C'est bien plus qu'un espoir que ça se passe au travers du gouvernement puisque le jour où nous avons rencontré le général Georgelin à la cérémonie des Invalides...

Le chef d'état-major ?

On lui a dit : "Nous, nous voulons partir en Afghanistan par nos propres moyens". Ceci étant, je veux dire, l'aéroport de Kaboul est ouvert et tout le monde peut y aller. Et en définitive, le Président en a parlé. Il a dit qu'il proposait, qu'il essaierait de mettre en place, donc un voyage pour les familles qui souhaitent se déplacer là-bas.

Et vous espérez que cela se fera rapidement ?

Le plus rapidement possible parce que nous en avons besoin et on a envie de voir les sections qui sont là-bas pour aussi une chose. Alors, ça peut paraître désuet mais je crois qu'il est important de leur dire qu'on est derrière eux, qu'on les aime, qu'il faut les soutenir et que ce sont des hommes FOR-MI-DA-BLES. Ce sont tous de vrais héros.

A ce propos, Joël Le Pahun, vous avez un ruban jaune au revers de votre veston.

Je vais vous le remettre tout de suite.
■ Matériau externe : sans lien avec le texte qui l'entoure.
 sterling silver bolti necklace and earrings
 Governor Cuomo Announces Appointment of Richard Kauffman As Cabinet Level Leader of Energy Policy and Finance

Alors, ce ruban jaune, c'est une femme qui s'appelle Mme Pascale Aragonès qui est l'épouse du chef de corps du 8ème régiment à Castres. Au demeurant, une femme fantastique ; et nous l'avons rencontrée vraiment... Là encore, ça fait chaud au coeur, on ne se sent pas seul. Et ce ruban jaune, c'est une opération qu'elle a initiée. Cette opération a pour objet de venir en aide aux soldats qui sont sur place en Afghanistan. Ce sont des rubans qui sont déjà vendus au travers du "8" à Castres. Nous, nous allons essayer de prendre le relais ici puisque pour la région parisienne et puis, nous allons contacter toutes les délégations françaises à l'étranger pour essayer également d'organiser, si vous voulez, une certaine émulation pour pouvoir recueillir des fonds afin de pouvoir financer, je dirais... On  voudrait améliorer l'ordinaire des soldats qui sont sur place dans un premier temps. Il faut savoir qu'il y en a d'autres qui vont partir...

Les aider.

Il manque de beaucoup de choses, de moyens de communication...

Et leur témoigner une forme de soutien dans leur mission très difficile ?
   
Absolument. Donc, je fais appel aux auditeurs, de contacter le régiment de Castres, d'envoyer des dons et qu'ils sachent que ces gens-là, ces jeunes, se battent pour eux, se battent pour la France et qu'on en a véritablement besoin.

Joël Le Pahun, le papa de Julien qui est mort lundi dernier en Afghanistan, était l'invité de RTL ce matin. Bonne journée.